Sequence type is based on Go slices with common FP functions added on top of that: Map, FlatMap, Filter, Fold, Reduce, Zip, UnZip etc.

Map

r := Seq[string]{"a", "b", "c"}.Map(func(a string) string { return a + "!" })
fmt.Println(r)
// Output: [a! b! c!]

FlatMap

r := Seq[int]{1, 2}.FlatMap(func(a int) Seq[int] { return Seq[int]{a, a} })
fmt.Println(r)
// Output: [1 1 2 2]

Filter

r := Seq[int]{2, 3, 4, 5, 6}.Filter(func(a int) bool { return a%2 == 0 })
fmt.Println(r)
// Output: [2 4 6]

Fold

r := Seq[string]{"r", "o", "b"}.Fold("hi ", func(a1, a2 string) string { return a1 + a2 })
fmt.Println(r)
// Output: hi rob

Reduce

r := Seq[int]{1, 2, 3, 4}.Reduce(func(a1, a2 int) int { return a1 + a2 })
fmt.Println(r)
// Output: 10

Zip & UnZip

r := ZipSeq(Seq[int]{1, 2, 3}, Seq[string]{"a", "b", "c"})
fmt.Println(r)
// Output: [(1,a) (2,b) (3,c)]

r := UnZipSeq(Seq[Tuple2[int, string]]{Tup2(1, "a"), Tup2(2, "b"), Tup2(3, "c")})
fmt.Println(r)
// Output: ([1 2 3],[a b c])

Lazy Sequence

Lazy Sequence iterates elements only when they are needed (unlike the regular Sequence that does it eagerly).
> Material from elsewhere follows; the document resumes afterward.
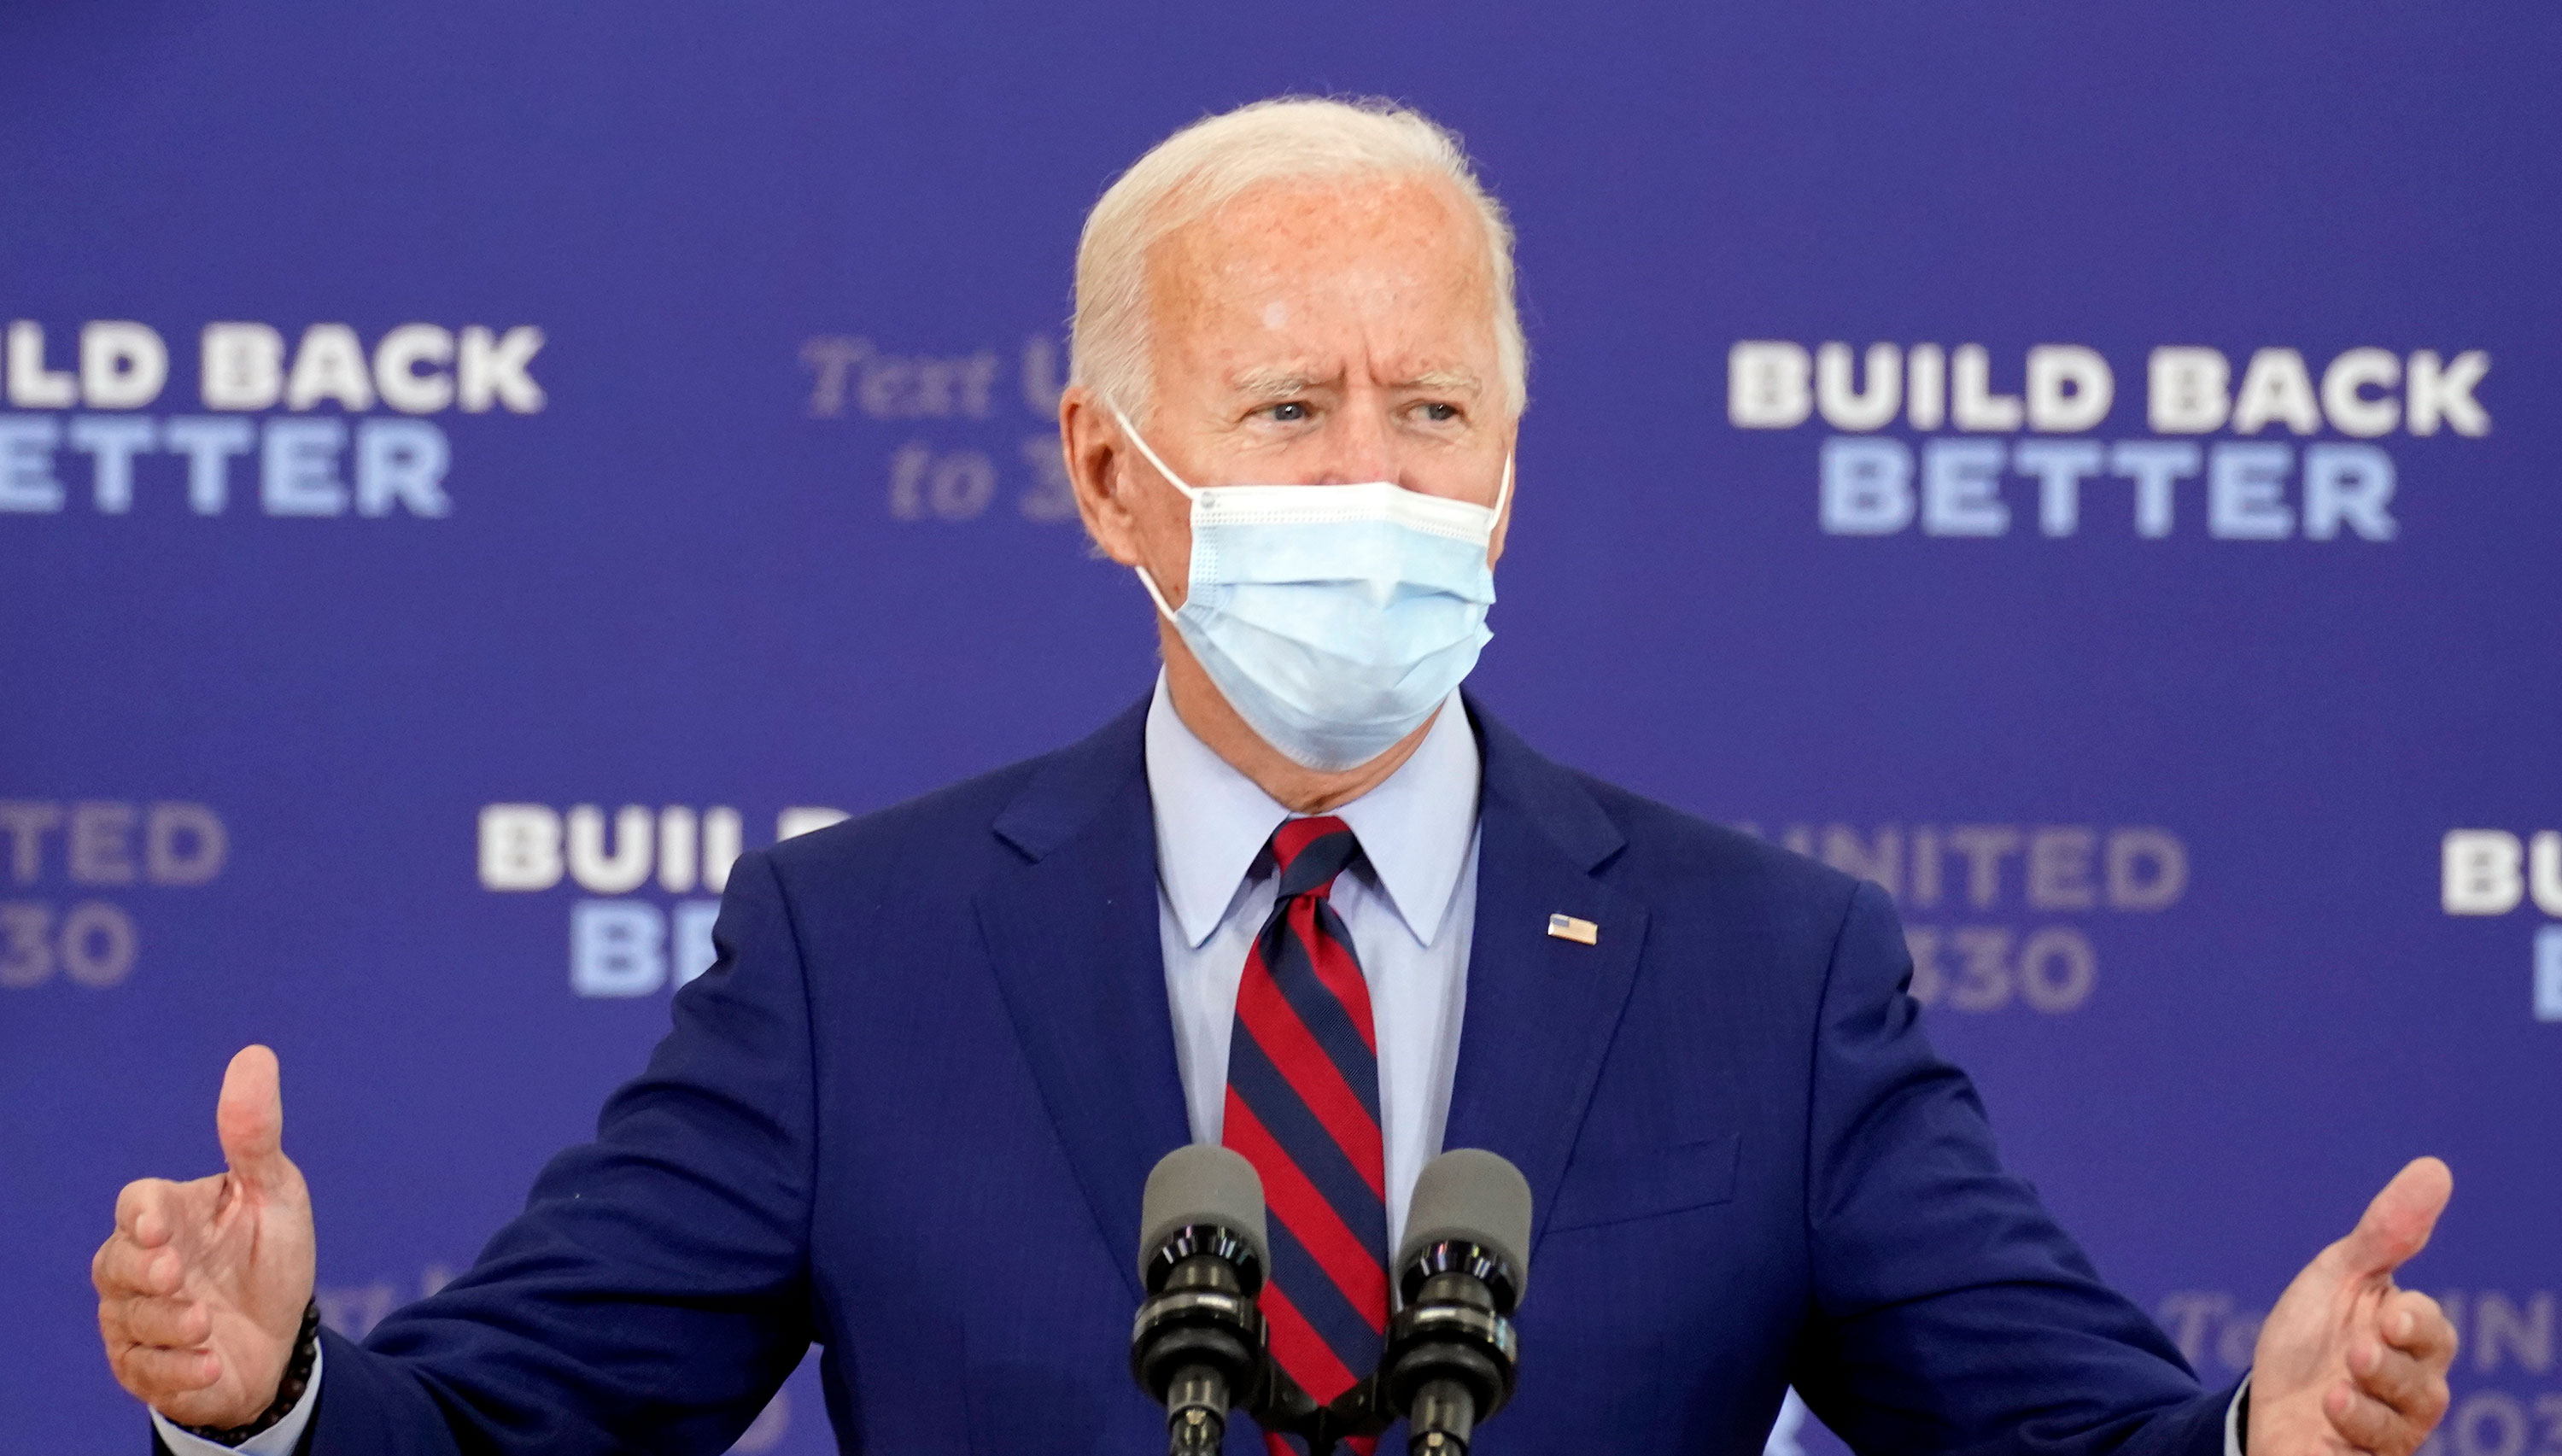 Democratic presidential candidate Joe Biden speaks at Jose Marti Gym on Monday, October 5 in Miami, Florida.
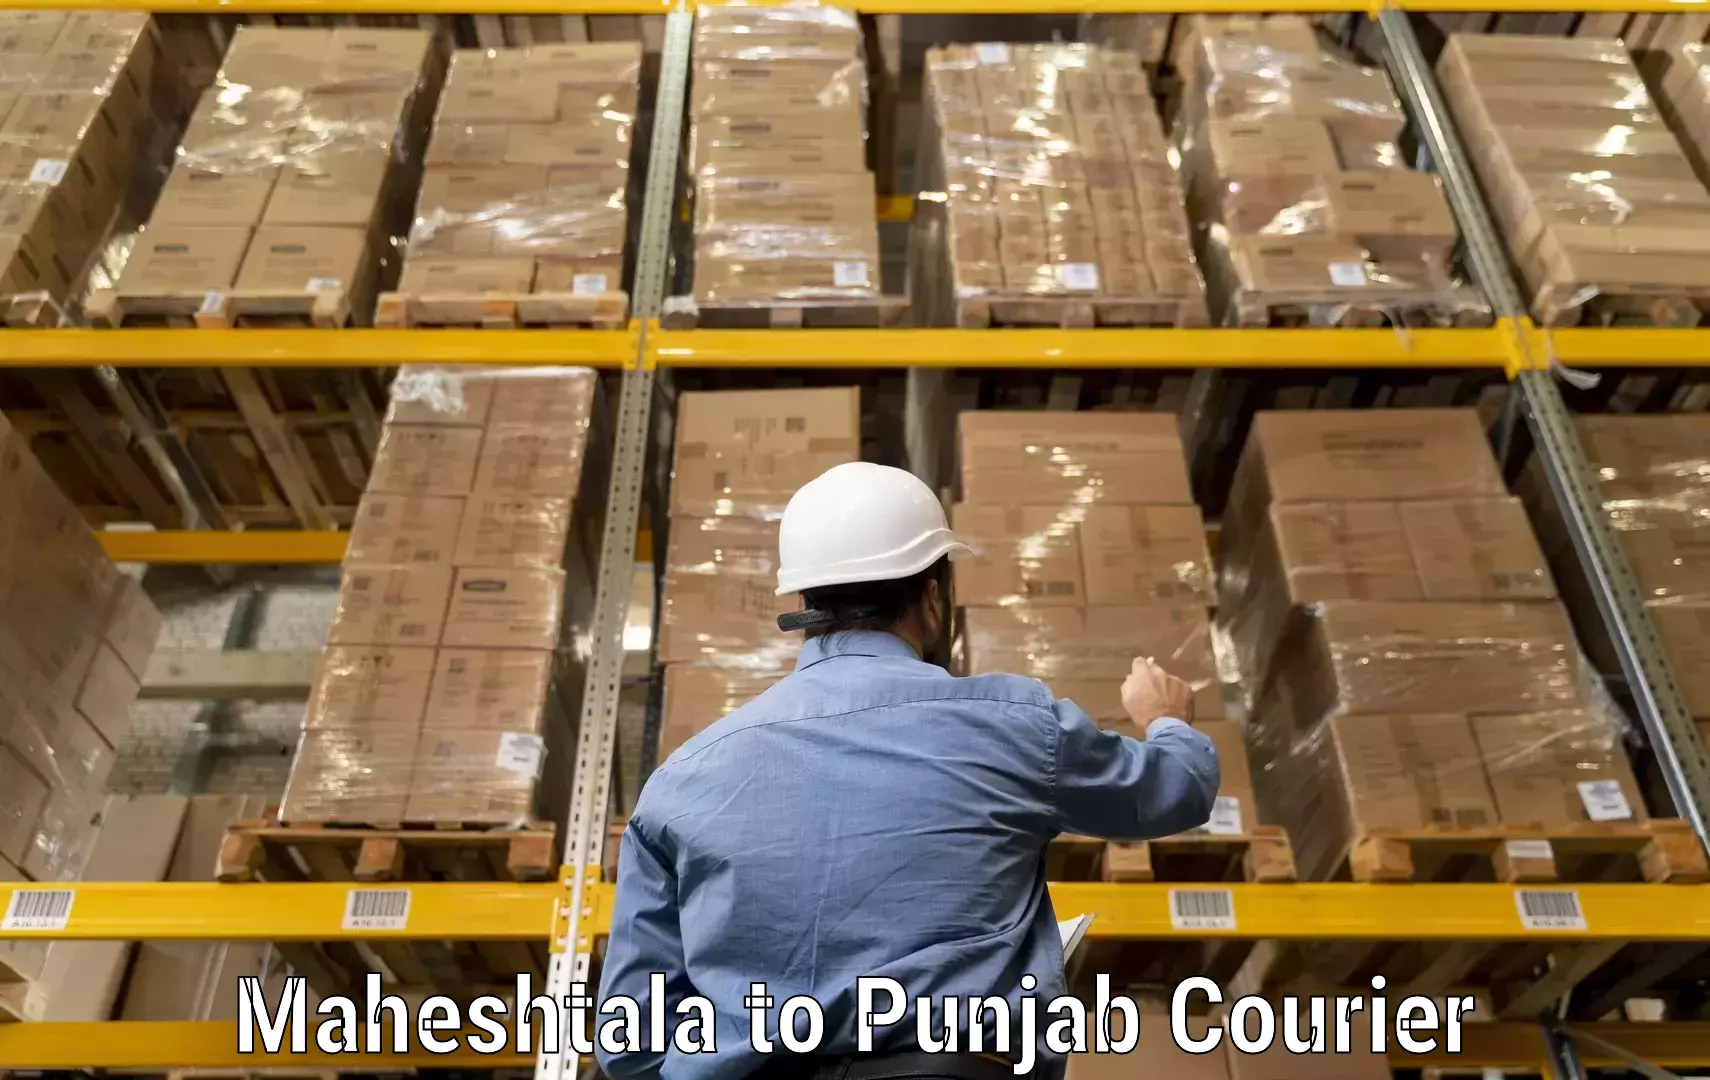 Courier app Maheshtala to Jalandhar

It has the same functions as Sequence but many of them are "Lazy" and would not trigger any processing until that is needed.

// Strict (Regular) Sequence eagerly iterates its elements on each operation.
// Below code calculates a result in multiple iterations:
r1 := Seq[int]{-2, -1, 0, 1, 2, 3, 4, 5, 6}.
	Filter(func(a int) bool { return a > 0 }).
	Filter(func(a int) bool { return a%2 == 0 }).
	Map(func(a int) int { return a / 2 }).
	Reduce(func(a1, a2 int) int { return a1 + a2 })

fmt.Println(r1)

// Lazy Sequence iterates elements only when they are needed.
// In this case, it's when the last materializing call happens (Reduce).
// Other calls (Filter, Map) are "lazy" and don't result in any computation.
// Below code calculates a result in 1 iteration:
r2 := Seq[int]{-2, -1, 0, 1, 2, 3, 4, 5, 6}.Lazy().
	Filter(func(a int) bool { return a > 0 }).
	Filter(func(a int) bool { return a%2 == 0 }).
	Map(func(a int) int { return a / 2 }).
	Reduce(func(a1, a2 int) int { return a1 + a2 })

fmt.Println(r2)

// Output:
// 6
// 6

lazySeq := Seq[string]{"b", "c", "d", "e", "f"}.Lazy().
	Map(func(a string) string { return strings.ToUpper(a) })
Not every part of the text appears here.